A medical negligence claim may include the failure of a hospital to treat medical emergencies such as appendicitis, discharging patients from hospital without adequate review, pregnancy and birth-related issues, lack of reasonable care and skill when performing surgery and administrative errors such as a mix-up in patient records.

Following are two examples of common types of medical negligence claims.

Failure to warn

A patient should receive full disclosure of the risks associated with surgery or a medical procedure. A medical negligence claim may arise when a patient suffers injury or harm and it is established that the doctor failed to adequately warn of the particular risks involved with the patient’s treatment.

Rogers v Whitaker (1992) 175 CLR 479 determined that in cases concerning advice of the risks associated with a medical procedure, ‘…a doctor has a duty to warn a patient of a material risk inherent in the proposed treatment [and if] the patient is likely to attach significance to the risk’.

In this case, the patient who was already blind in her right eye had surgery which was essentially cosmetic, performed to that eye by an ophthalmic surgeon. The patient asked several risk-related questions regarding the surgery pertaining to her right eye.
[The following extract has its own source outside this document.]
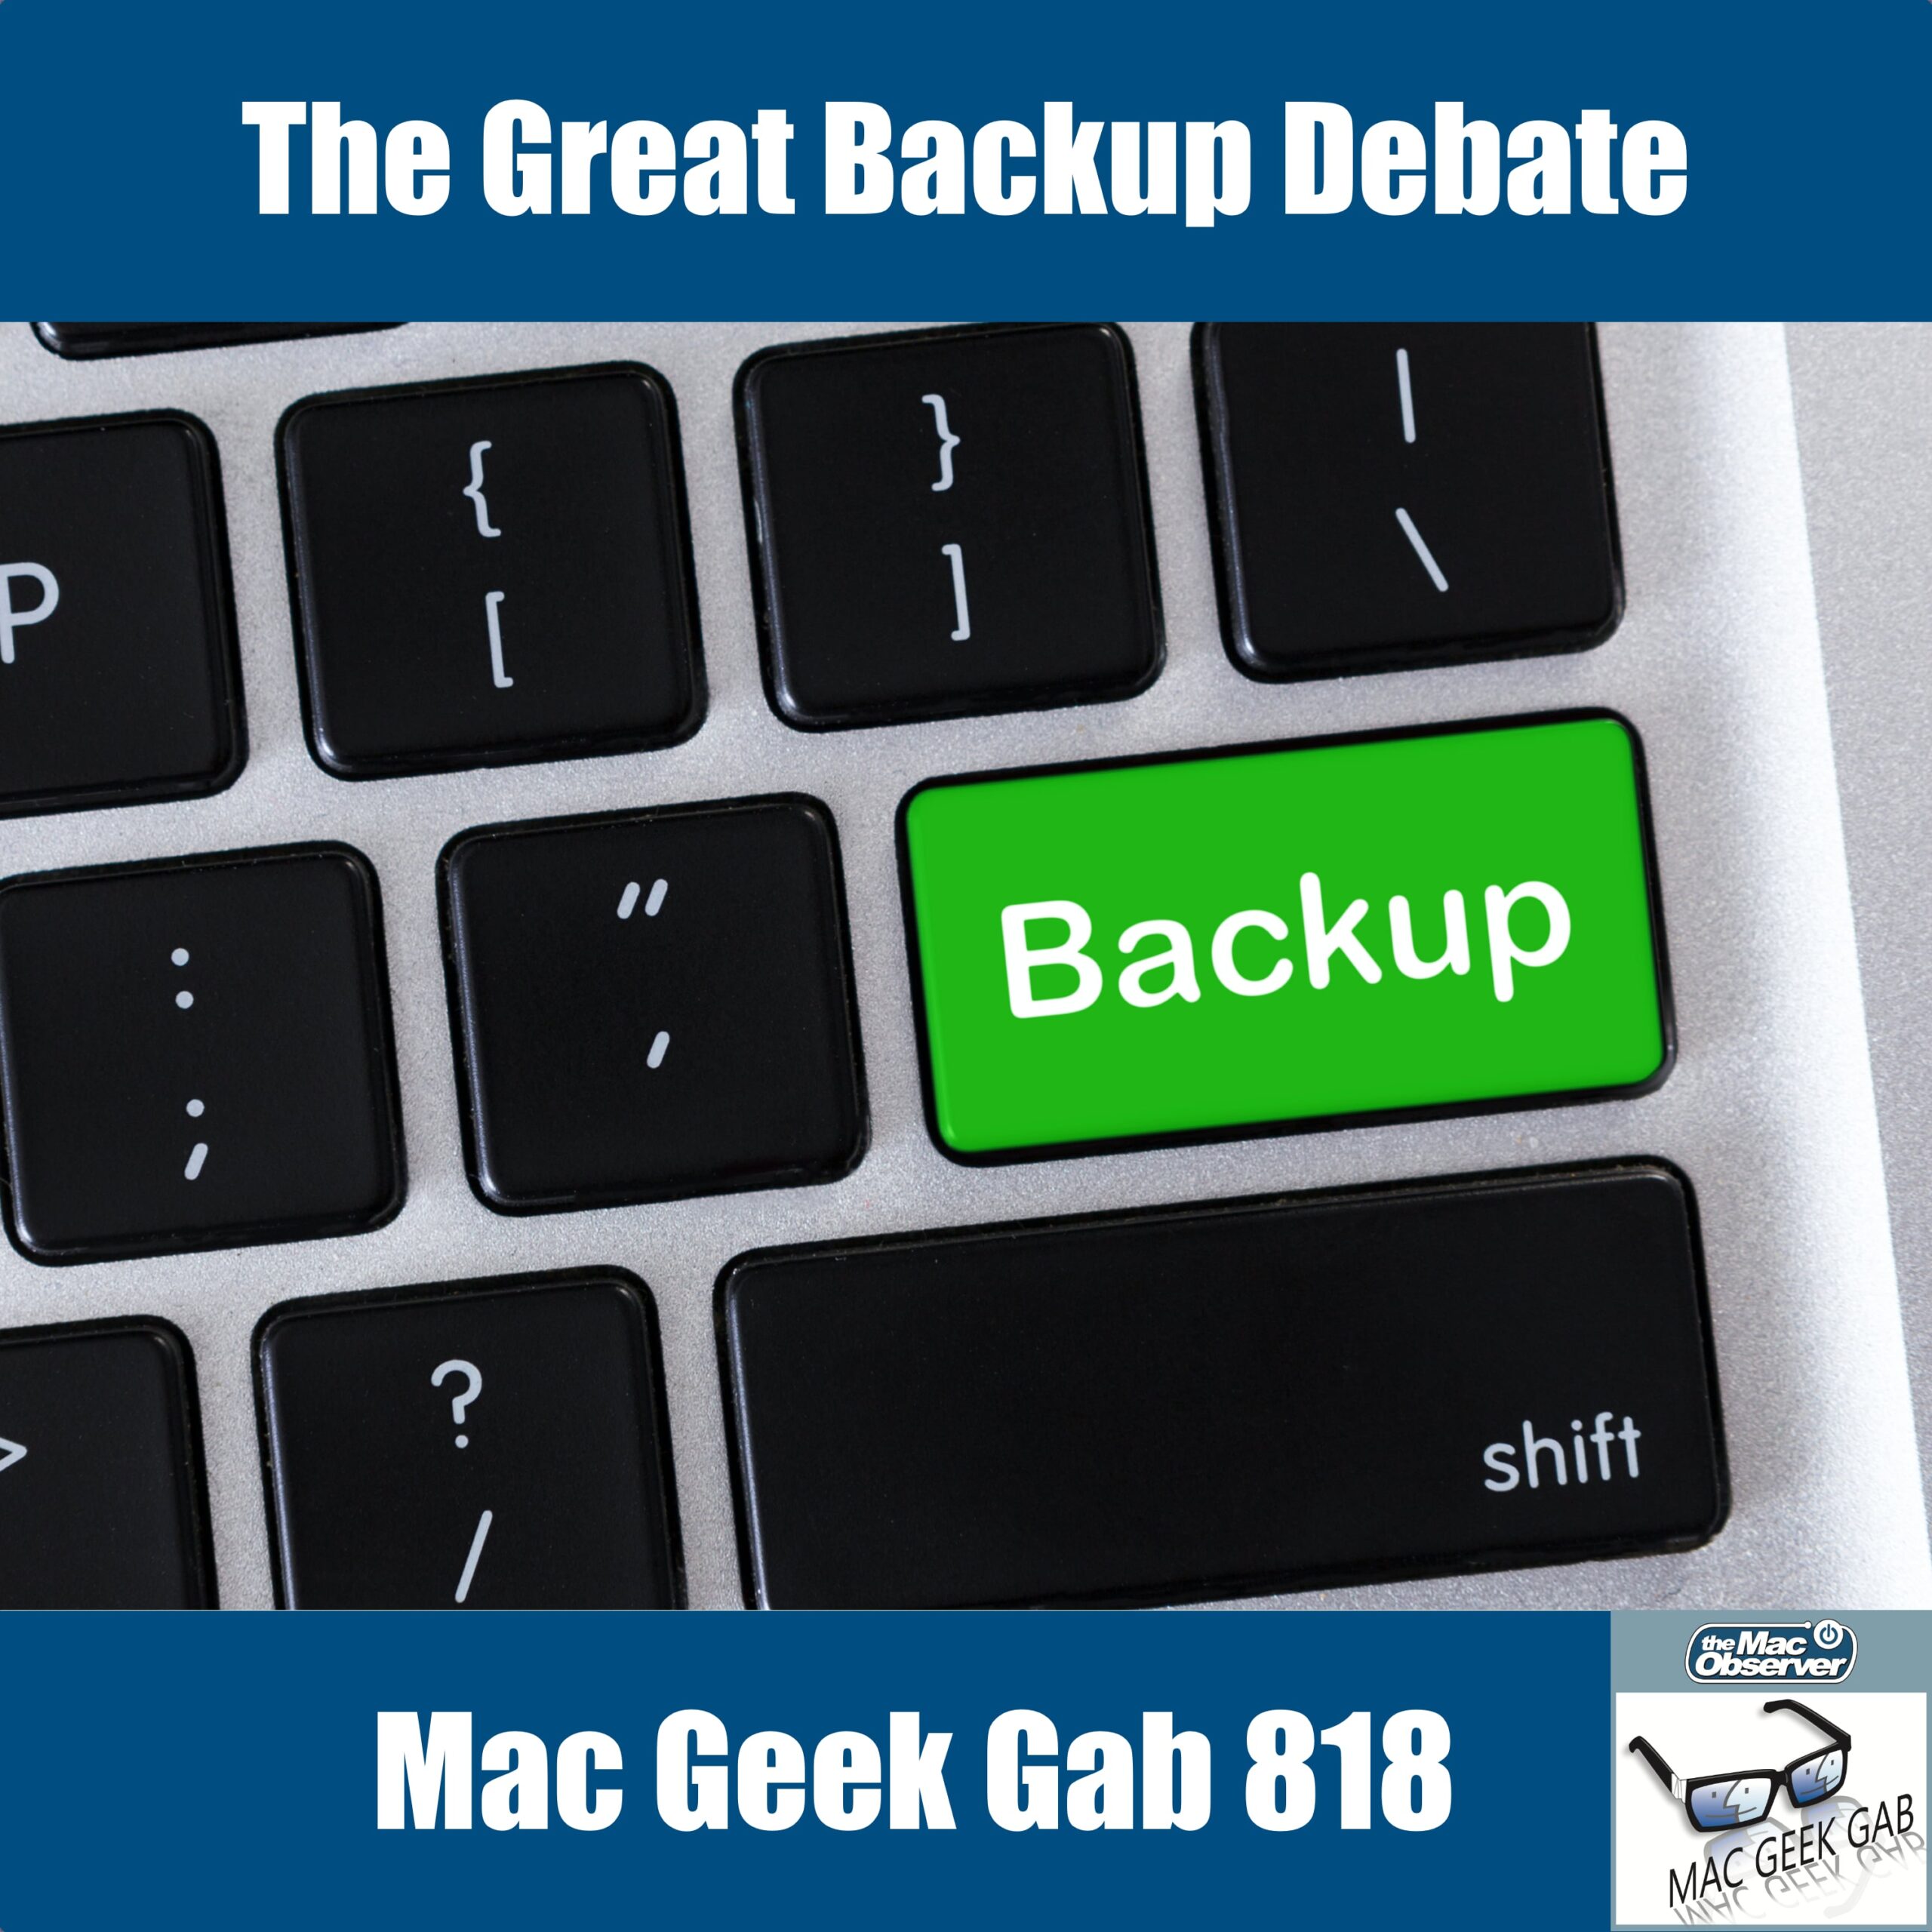 El gran debate sobre las copias de seguridad - Mac Geek Gab 818

The surgery resulted in a rare occurrence of sympathetic ophthalmia which meant that the patient became blind in the left eye.

The Court found that the surgeon, although not specifically asked about the risk factors for the patient’s left eye should have, based on her obvious concerns and risk aversion regarding her right eye, warned her of the risk of sympathetic ophthalmia.

Failure to diagnose or misdiagnosis

A medical negligence claim may be made against a practitioner who fails to diagnose, delays a diagnosis or misdiagnoses an illness.

A more common claim is for the delayed diagnosis of a progressive disease such as cancer, particularly if the diagnosis would likely have been apparent upon a routine examination. The more routine the examination (based on the standard expected of other professionals), the more likely that a claim for negligence might be successful.

The pre-existence of the illness or condition must be considered in light of the likely outcome had the condition been diagnosed earlier. For example, a comparison must be made of the patient’s prognosis for recovery if treatment was available for a particular disease that was discovered sooner rather than later. Such cases will require expert medical reports and opinion.

Conclusion

Medical negligence claims are subject to strict time limits and should be navigated with an experienced lawyer. It can be a long road to achieving a successful outcome however one worth travelling if you succeed in your claim and are reasonably compensated for your misfortune.